= Work request =
Output all the entries word for word. Omit the pictures.

= Data shown =
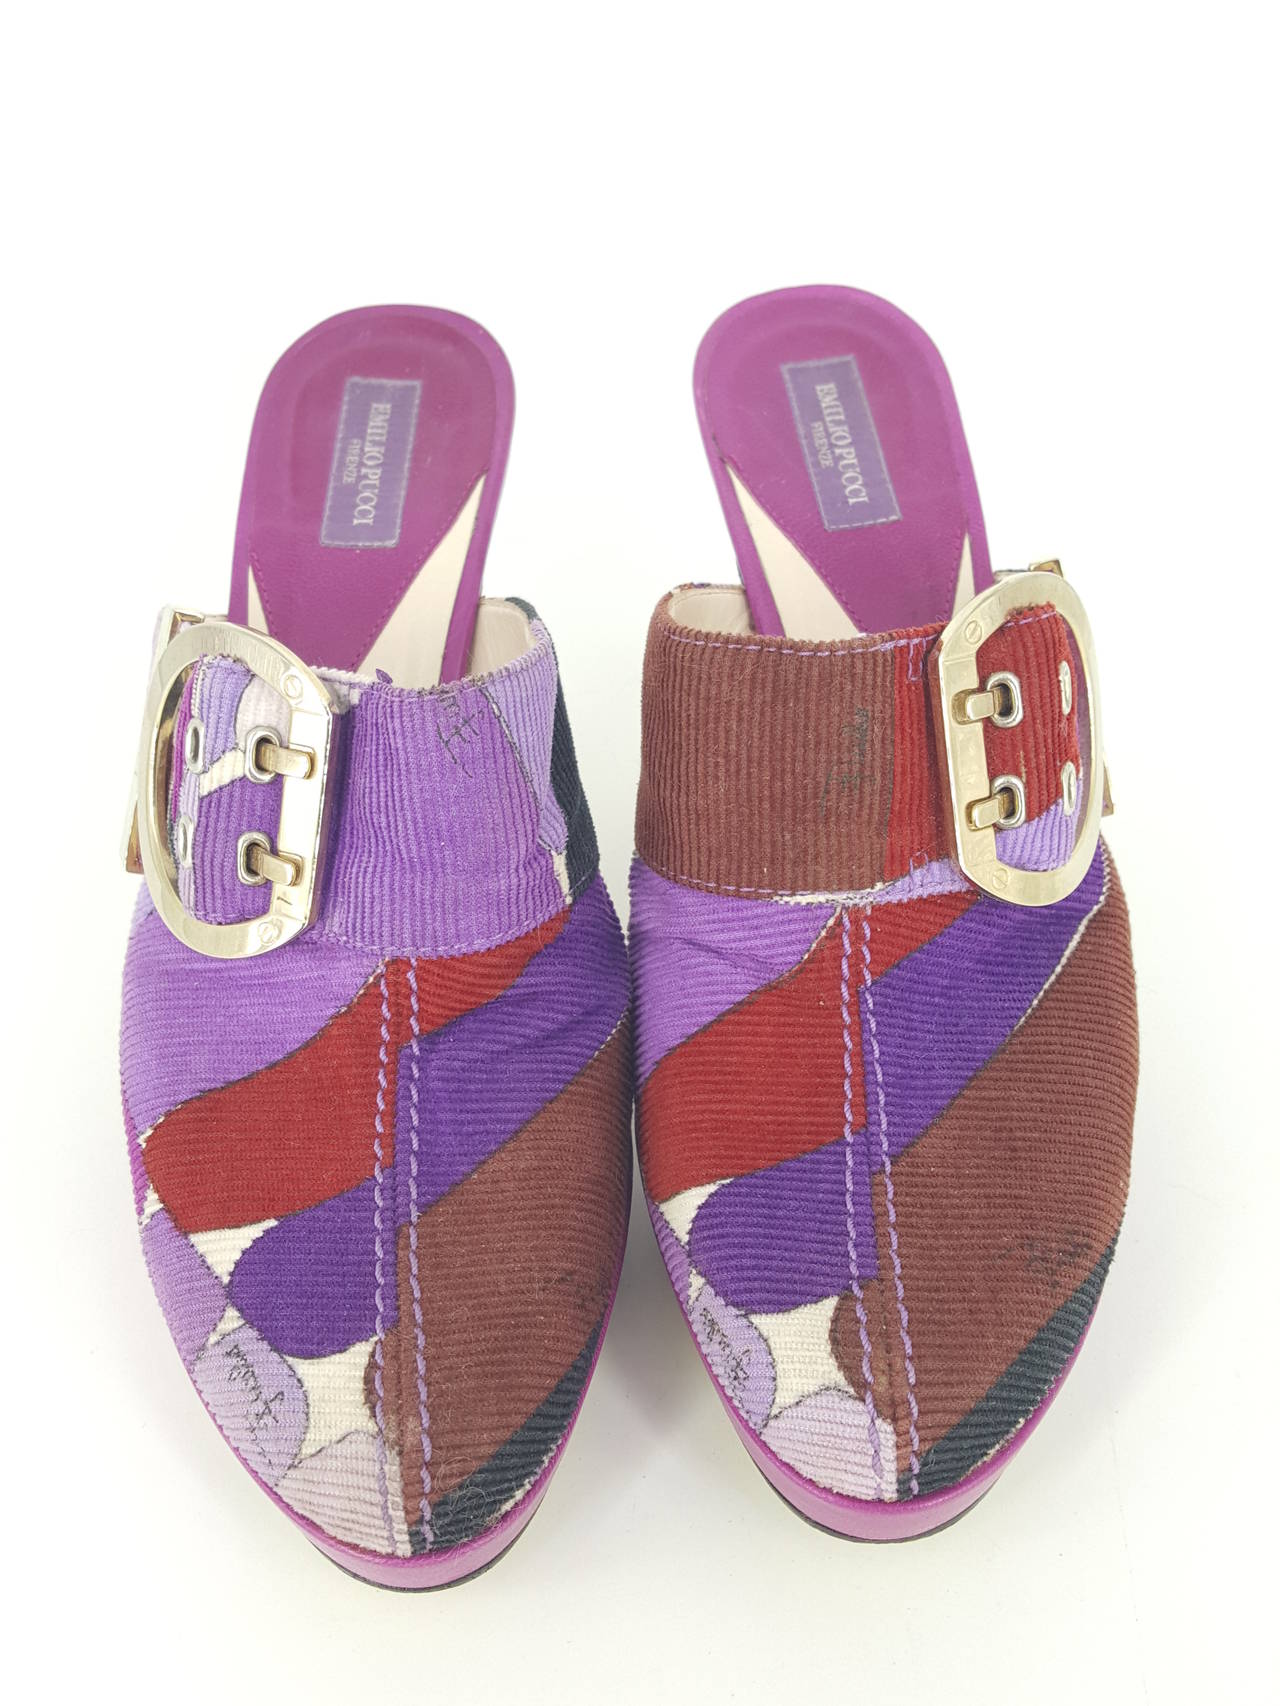 Offered for sale are these PUCCI plush corduroy mules in fuschia, dark rust, medium brown, and beige.  They are size 371/2 and have the appearance of being worn once,  There is a 2
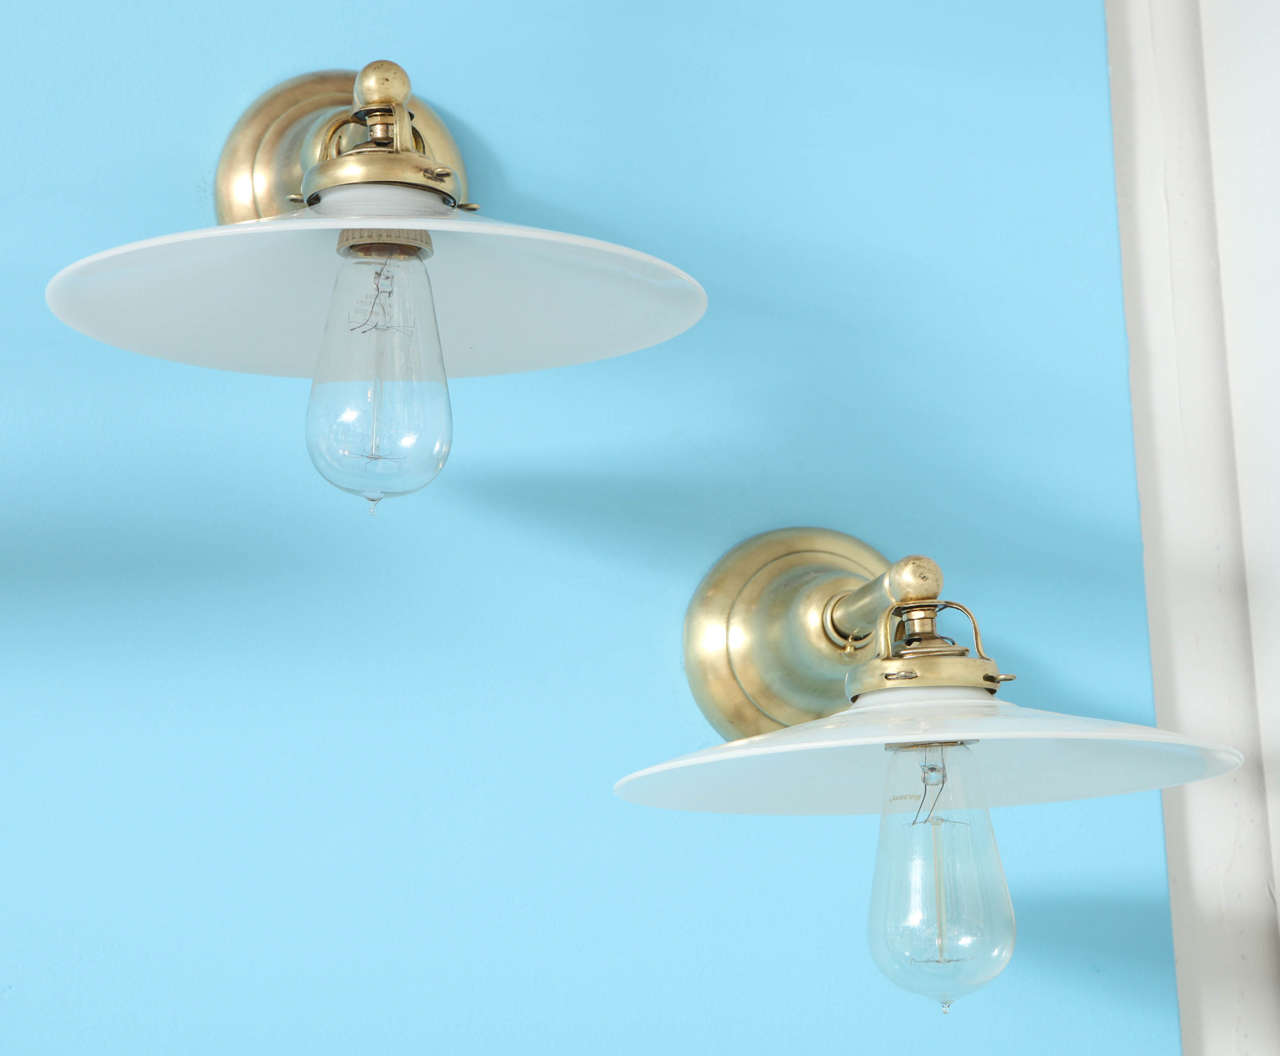 Pair of vintage brass wall lights or sconces with antique white milk glass disk shades. USA, circa 1910. Extended arms hold a 10 inch diameter shade.

Dimensions:
4.5 inch wall plate diameter (part that mounts to wall)
13 inch depth overall or
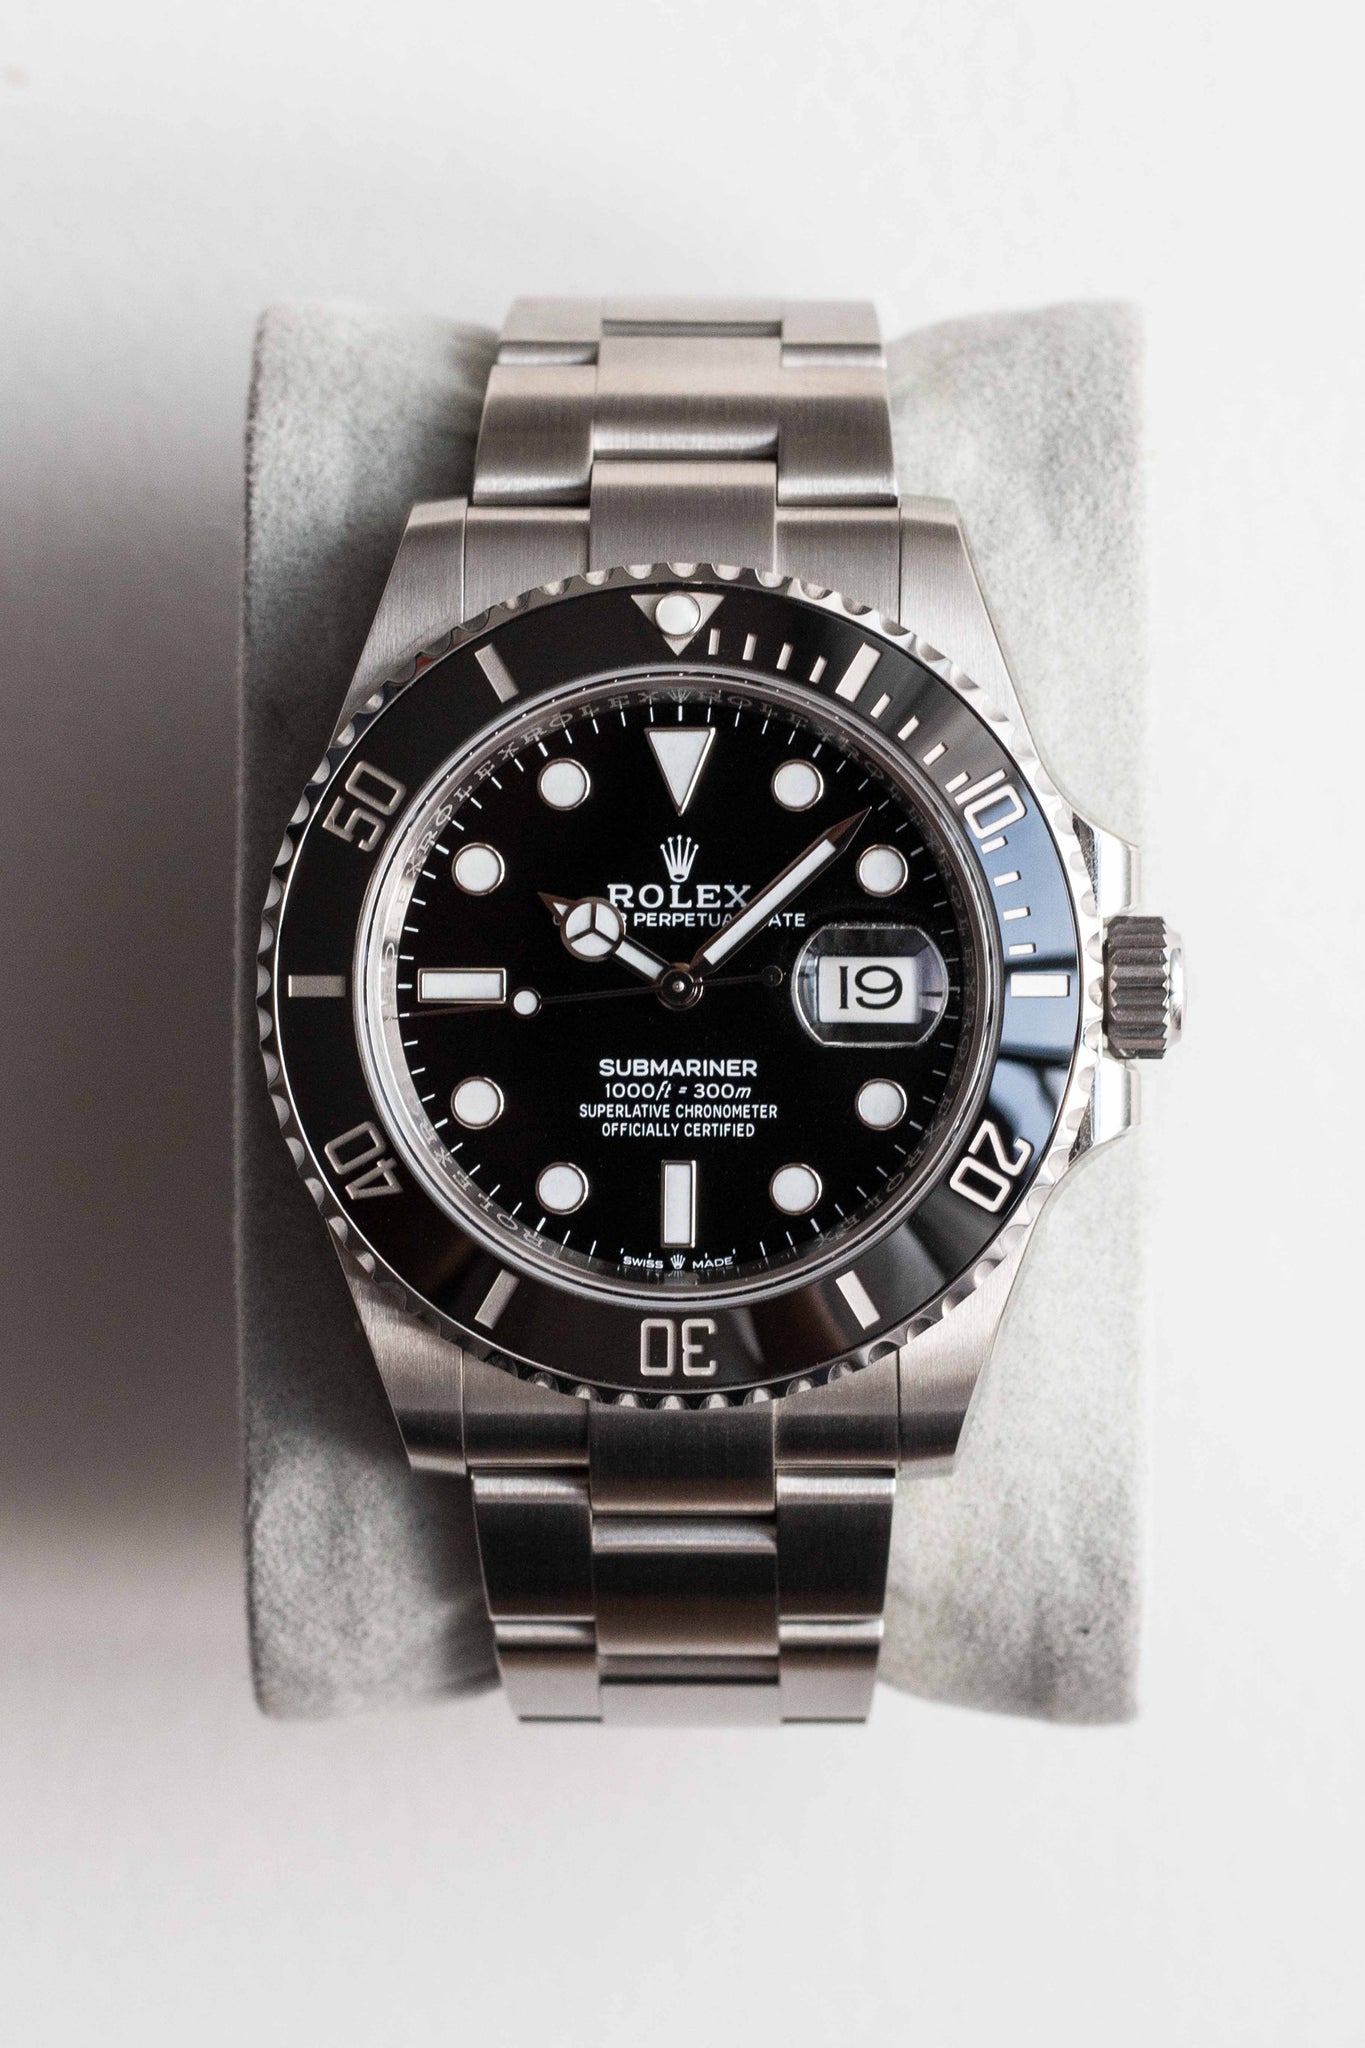 Rolex Submariner Ref. 126610LN Date 2021 w/ Box & Papers

= Output =
 Offered for sale are these PUCCI plush corduroy mules in fuschia, dark rust, medium brown, and beige.  They are size 371/2 and have the appearance of being worn once,  There is a 2
 Pair of vintage brass wall lights or sconces with antique white milk glass disk shades. USA, circa 1910. Extended arms hold a 10 inch diameter shade.

Dimensions:
4.5 inch wall plate diameter (part that mounts to wall)
13 inch depth overall or
 Rolex Submariner Ref. 126610LN Date 2021 w/ Box & Papers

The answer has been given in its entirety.